◆ Brief ◆
Which lines run from the one with "German soldiers of" through the end of the data? Retype them exactly, without pictures.

◆ Dataset section ◆
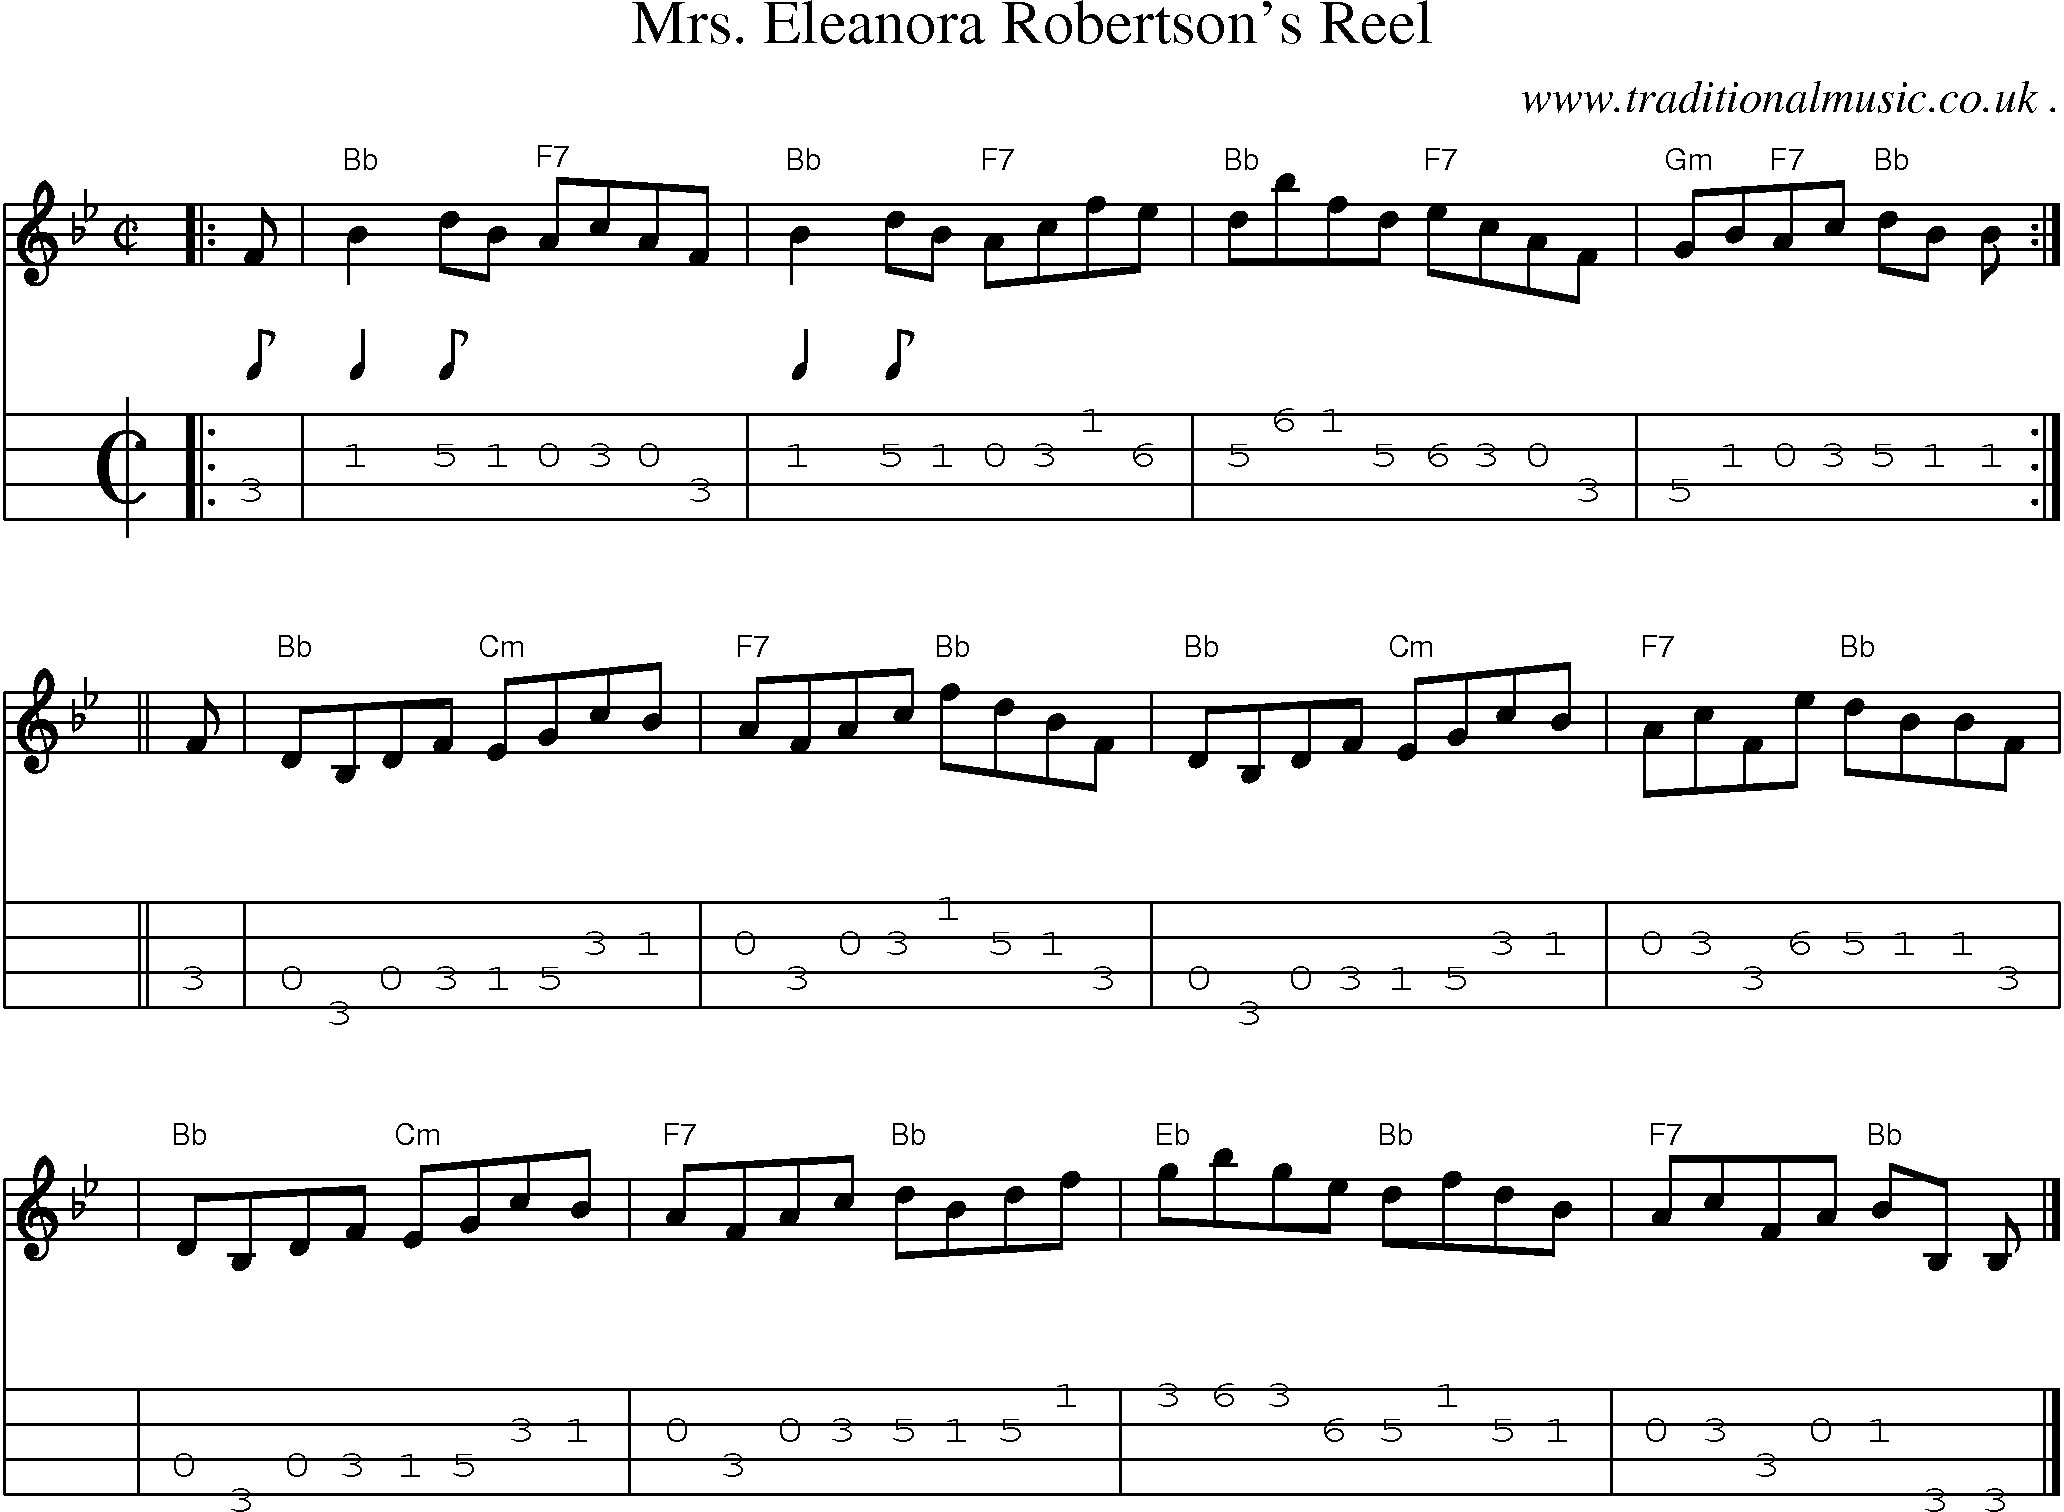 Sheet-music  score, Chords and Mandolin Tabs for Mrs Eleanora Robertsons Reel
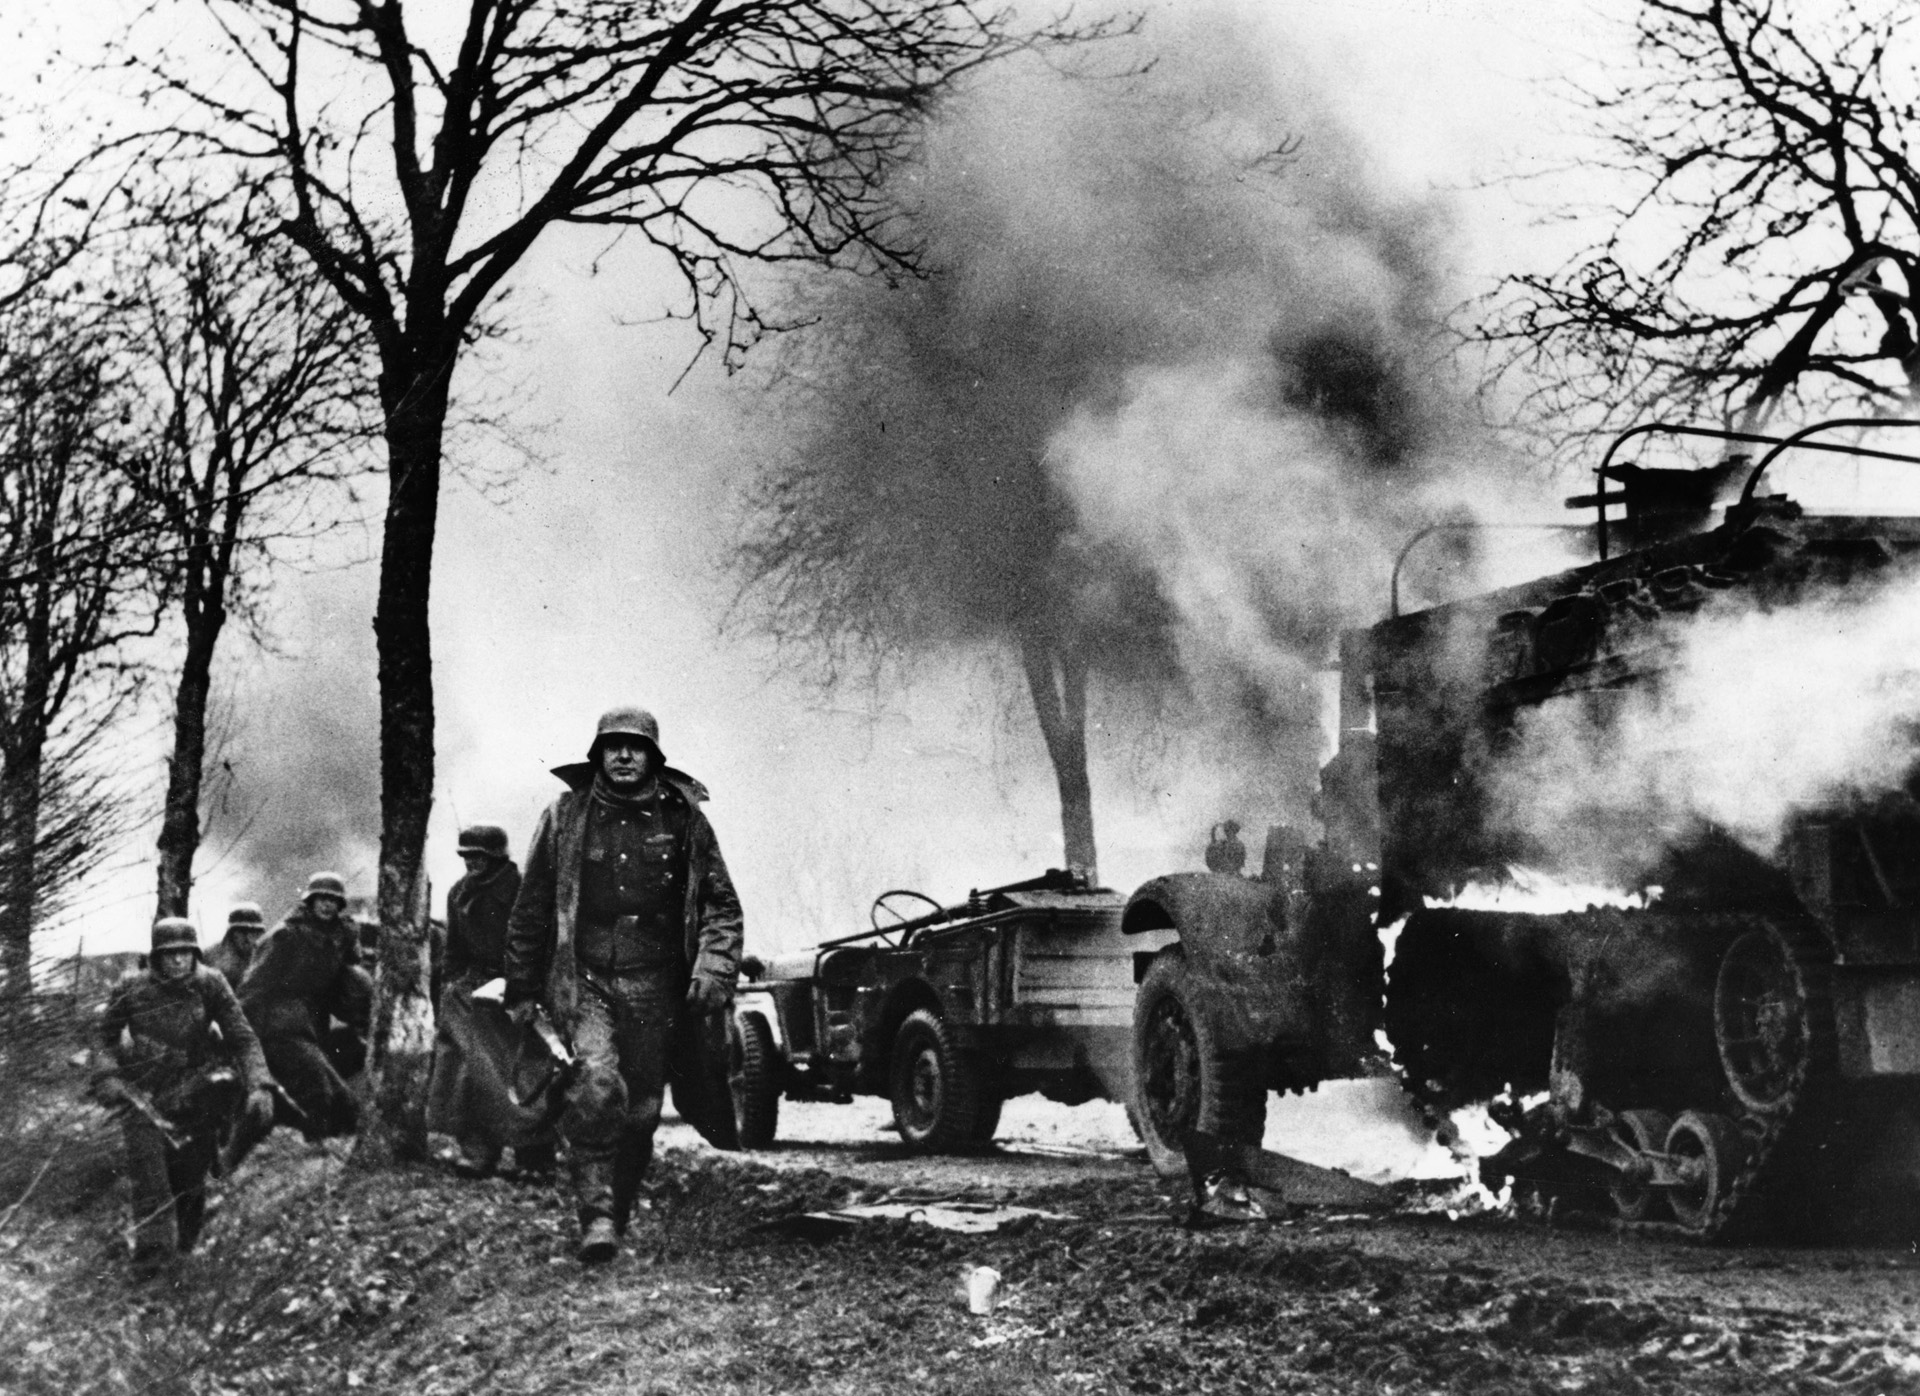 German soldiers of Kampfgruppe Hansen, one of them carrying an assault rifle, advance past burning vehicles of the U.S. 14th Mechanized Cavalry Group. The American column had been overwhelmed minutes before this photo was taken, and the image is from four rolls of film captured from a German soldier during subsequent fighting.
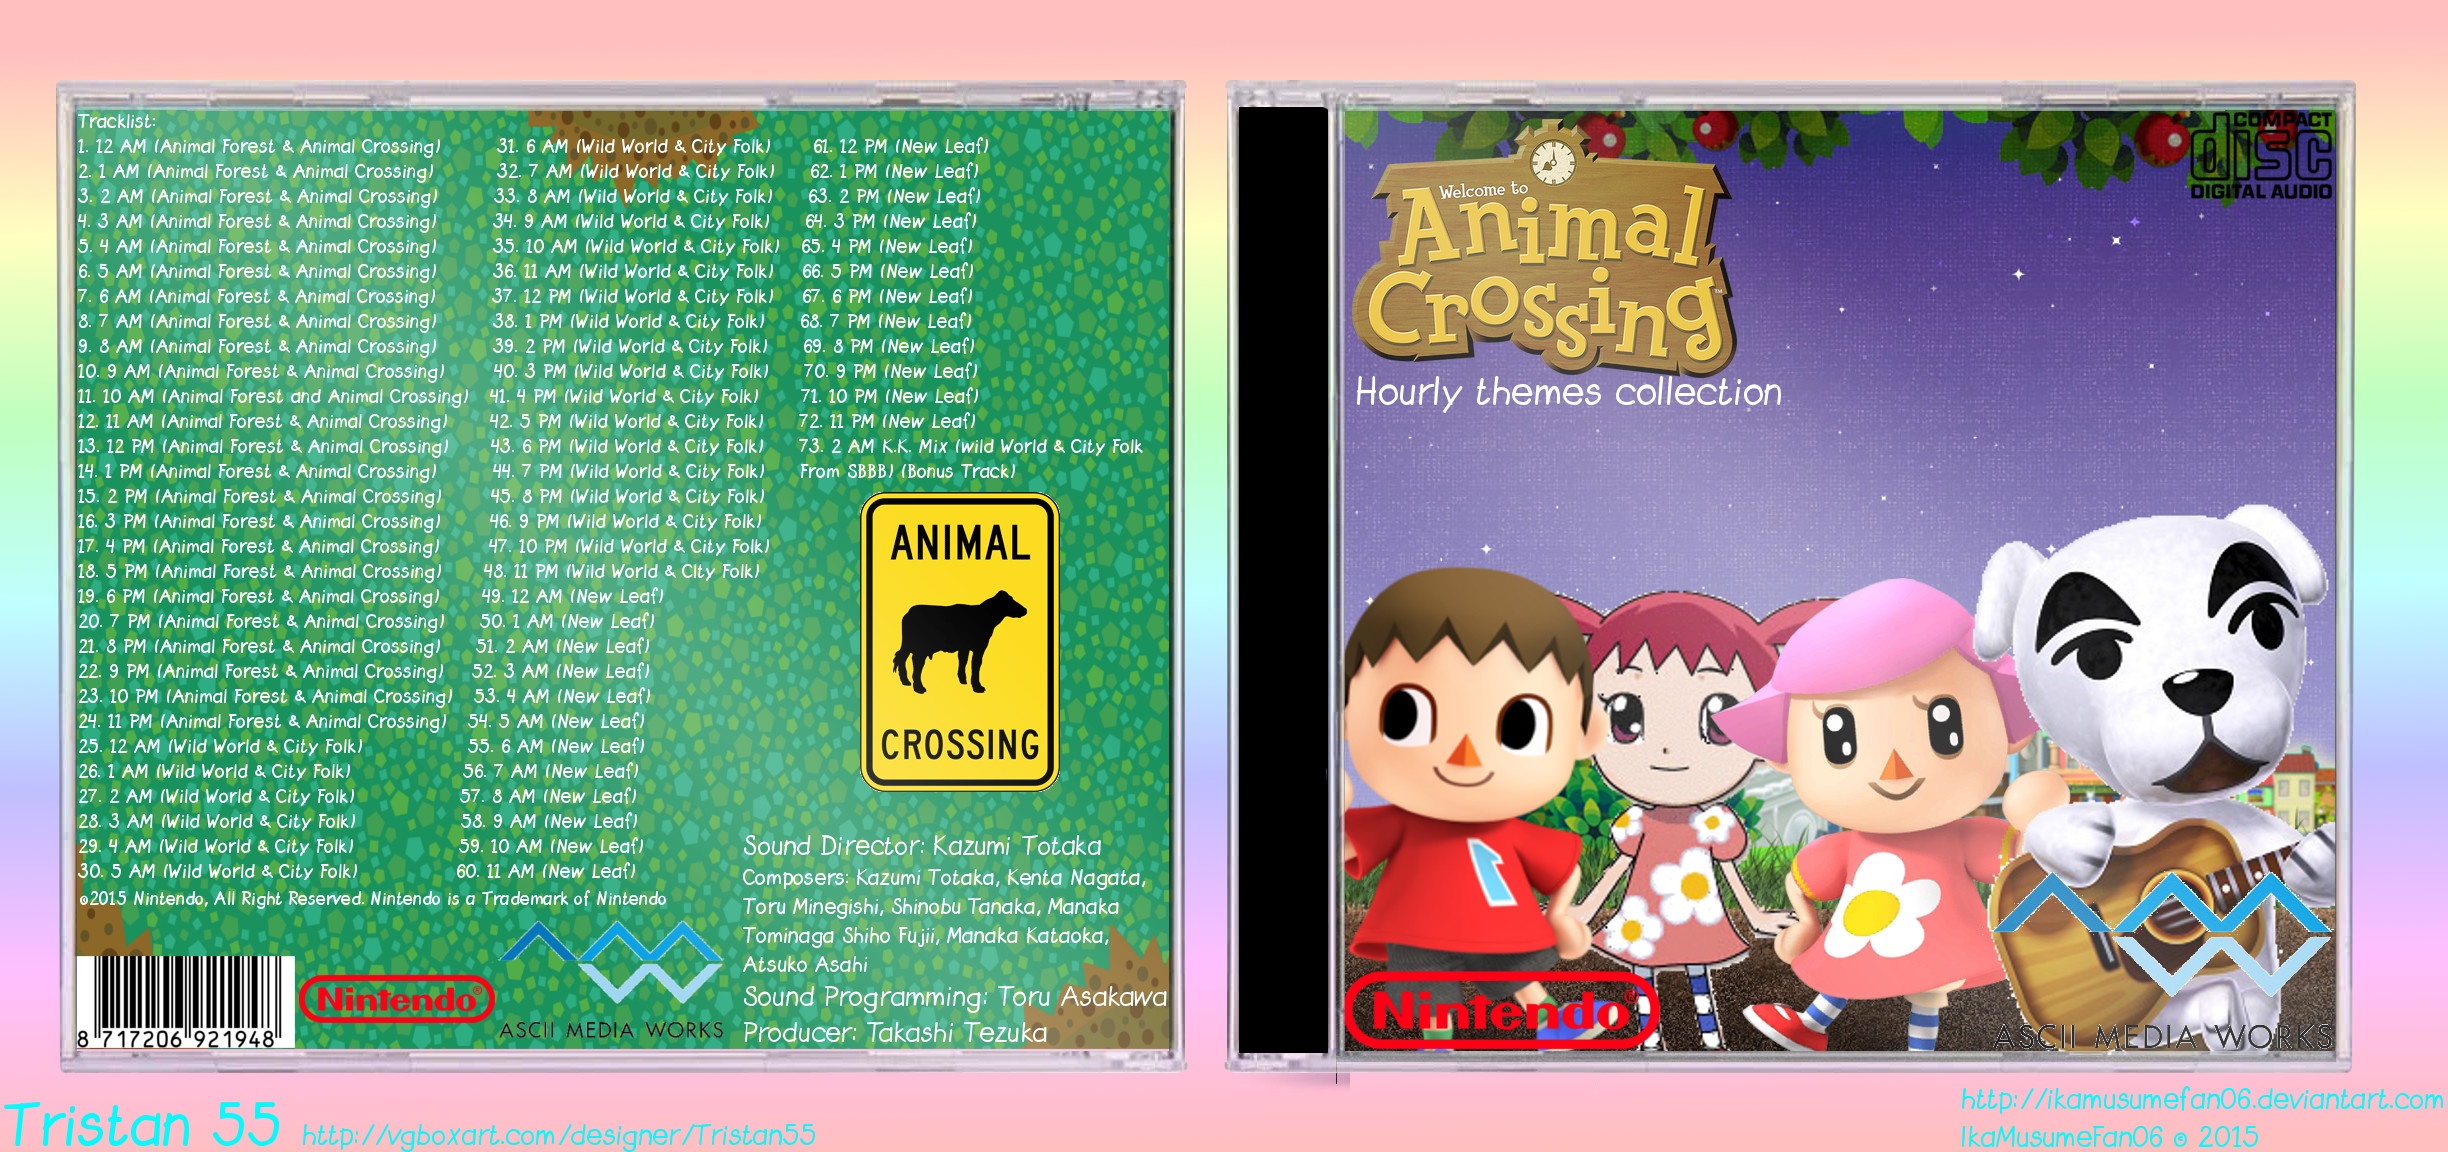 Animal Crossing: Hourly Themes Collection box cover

◆ Response ◆
 German soldiers of Kampfgruppe Hansen, one of them carrying an assault rifle, advance past burning vehicles of the U.S. 14th Mechanized Cavalry Group. The American column had been overwhelmed minutes before this photo was taken, and the image is from four rolls of film captured from a German soldier during subsequent fighting.
 Animal Crossing: Hourly Themes Collection box cover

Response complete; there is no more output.